El efecto 'boomerang' de la abstención
El Brexit y la calamitosa victoria de Trump son claros ejemplos de cómo la falta de participación afecta a la ciudadanía.
El domingo se juega la final de la elección presidencial francesa: Macron- Le Pen. Un duelo bis repetita, porque el de 2017 se repite en 2022, aunque la foto final puede ser diferente.
Tradicionalmente, la noche de la segunda vuelta de las elecciones presidenciales francesas a las ocho de la tarde, en un momento de solemnidad casi teatral, aparece en las pantallas de los hogares la foto del vencedor. Hace cinco años, en 2017, Macron logró, como se esperaba, la victoria con más de 30 puntos de ventaja sobre Marine Le Pen. Pero este año, todos, los franceses y los europeos, vamos a contener la respiración segundos antes de conocer el resultado. Porque, esta vez, la posibilidad de que la extrema derecha se instale en el Elíseo es real. La participación o, mejor dicho, la abstención, podría ser clave.
El contexto político, social y económico ha cambiado mucho en estos últimos cinco años y ha frenado el afán reformista de Macron, que ha tenido que lidiar con las huelgas convocadas en contra de sus planes de reforma de las pensiones y las violentas protestas de los “chalecos amarillos”, contrarios a la subida de impuestos a los carburantes y el alto costo de la vida. Además, su mandato se ha visto trastocado por la pandemia de la COVID-19, a la que ahora se ha sumado la guerra de Putin. Una guerra que ha sacudido los mercados globales y cuyas consecuencias afectan directamente al bolsillo de los ciudadanos franceses, que ven desorientados cómo su poder adquisitivo sigue cayendo por esta acumulación de crisis que ha disparado la inflación y, en concreto, los precios del combustible y la energía.

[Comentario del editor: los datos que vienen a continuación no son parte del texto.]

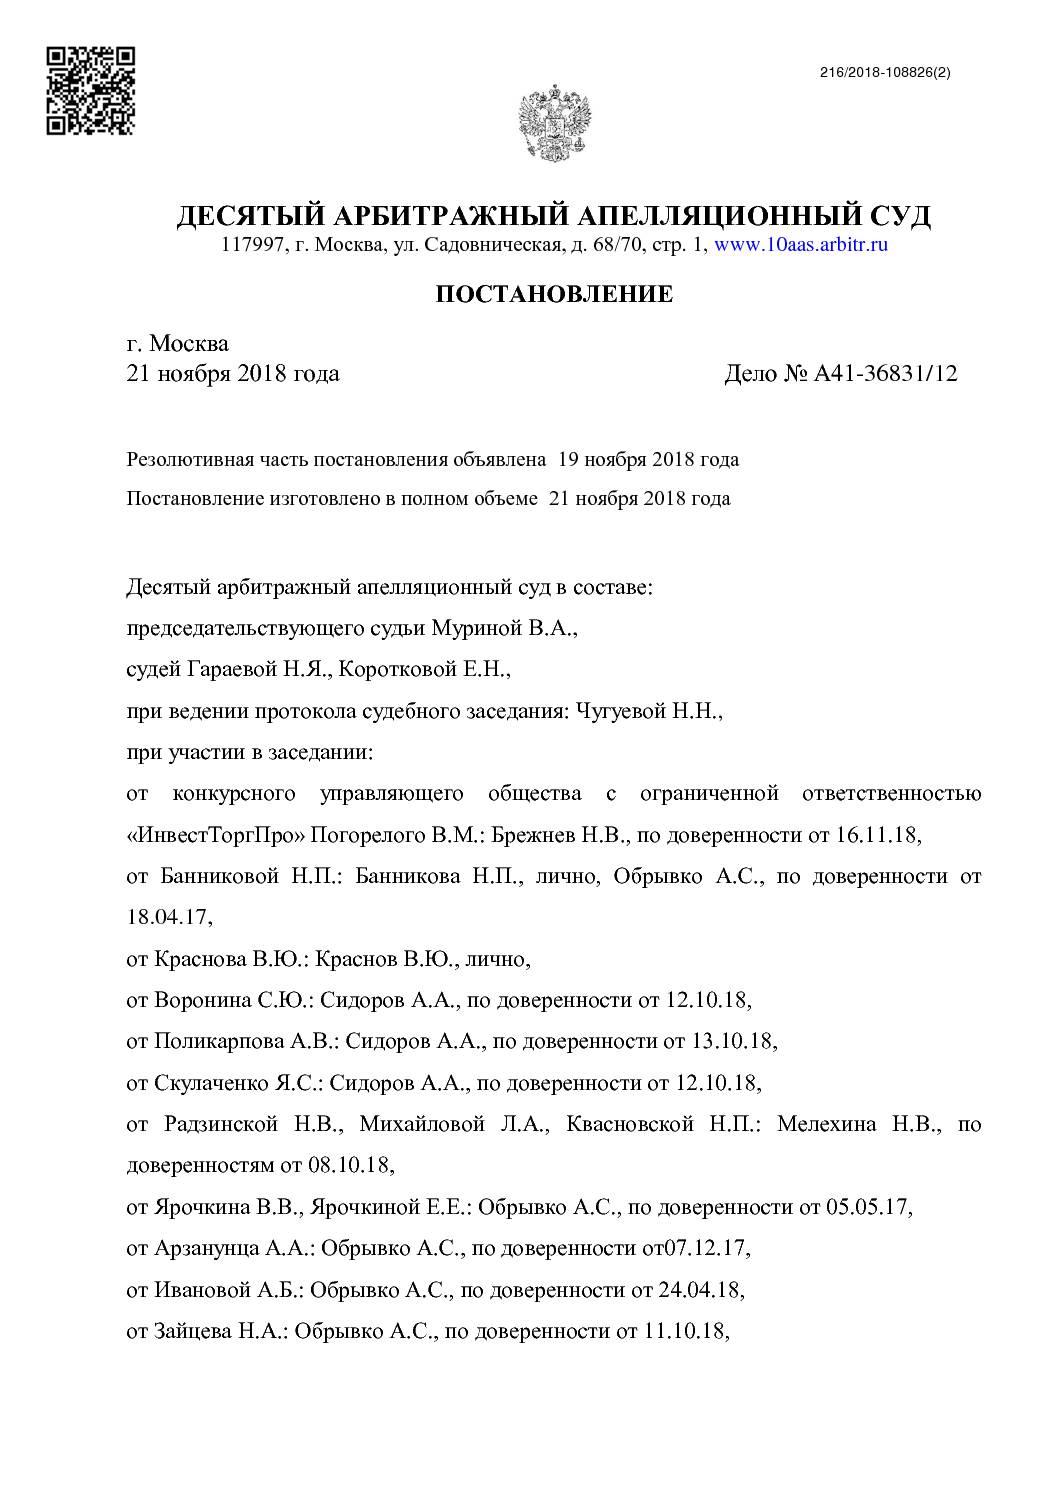 Постановление Десятого Арбитражного апелляционного суда от 21.11.2018

A nivel sociopolítico, las disparidades económicas y sociales entre las zonas urbanas y rurales explican la polarización política que ha barrido prácticamente del mapa electoral a los partidos tradicionales, que ya no son vistos con capacidad de resolver los grandes problemas que preocupan a la ciudadanía. El Partido Socialista, que gobernaba hasta 2017, obtuvo apenas un 1,75% de los sufragios, mientras que Los Republicanos, el partido histórico de la derecha moderada, apenas alcanzó el 4,78%. Ambas fuerzas políticas, en caída libre desde 2017, junto con Los Verdes, que obtuvieron tan solo un 4,63%, a pesar de las múltiples manifestaciones de jóvenes en las calles contra el cambio climático, se enfrentan ahora, además, a una grave crisis económica, que puede ser su puntilla (a nivel nacional, porque aún tienen un poder local importante), ya que el Estado francés no reembolsa los gastos de campaña a los partidos que no alcancen el umbral del 5% de votación. Es la evidencia de que están al borde de la quiebra y que deben tomar conciencia de que los partidos pueden morir.

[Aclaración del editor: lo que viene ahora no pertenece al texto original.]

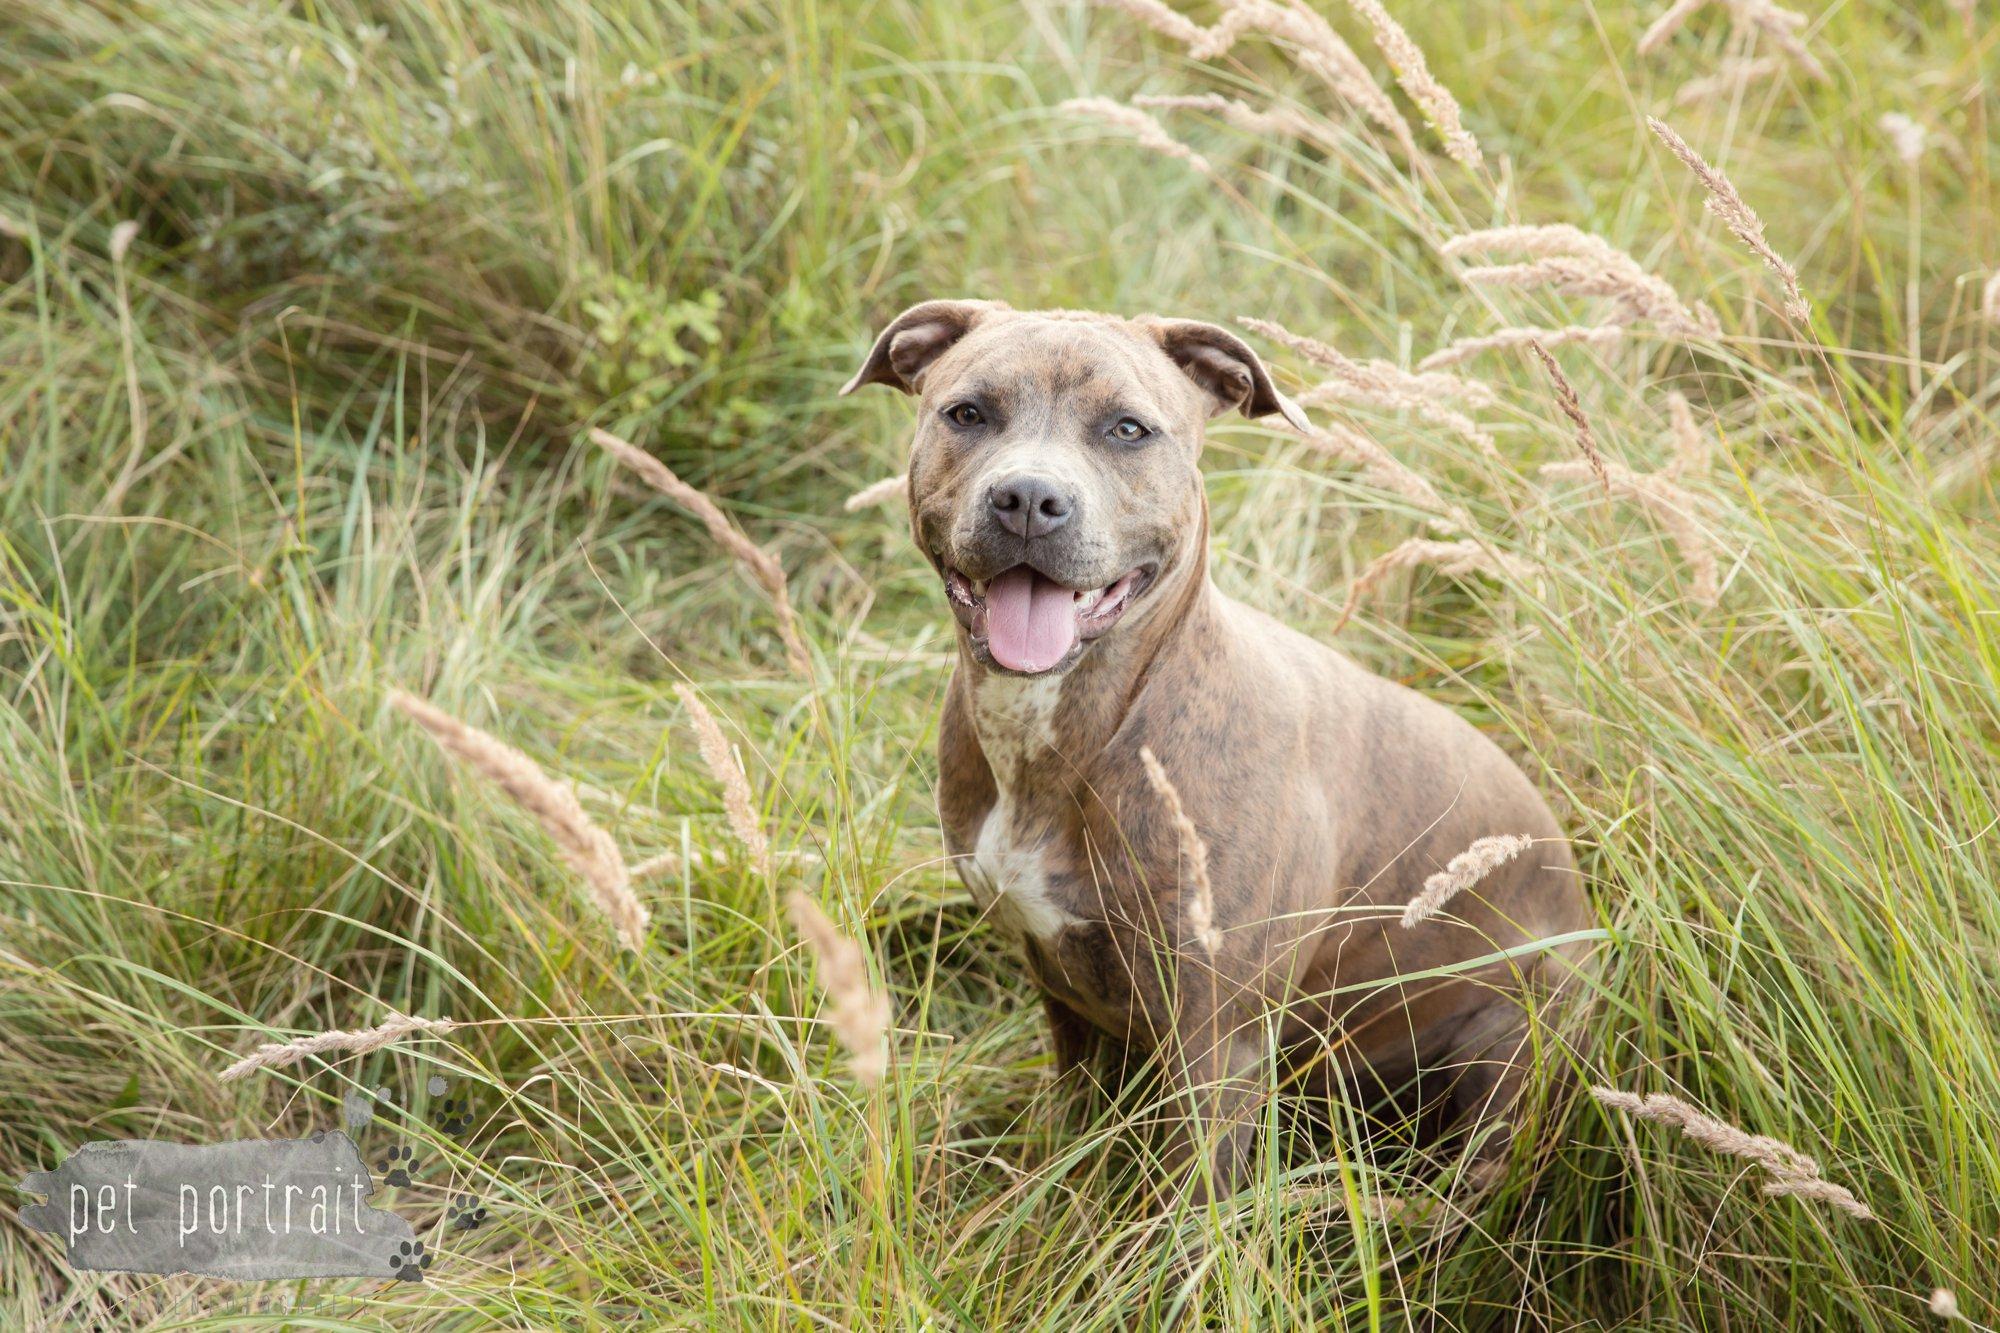 hondenfotograaf-noordwijkerhout-dier-en-baasje-fotoshoot-in-de-duinen-6

A la polarización política, que se manifiesta también en la mejora de los resultados de Emmanuel Macron y Marine Le Pen en la primera vuelta respecto a 2017, se suma también la desafección entre partidos y votantes. Una tendencia que no ha dejado de aumentar en los últimos años y que explica por qué los cuatro primeros candidatos en la primera vuelta (Emmanuel Macron, Marine Le Pen, Jean-Luc Mélenchon y Éric Zemmour) no proceden de procesos internos de elección realmente democráticos, sino que alrededor de sus figuras se han construido las plataformas políticas.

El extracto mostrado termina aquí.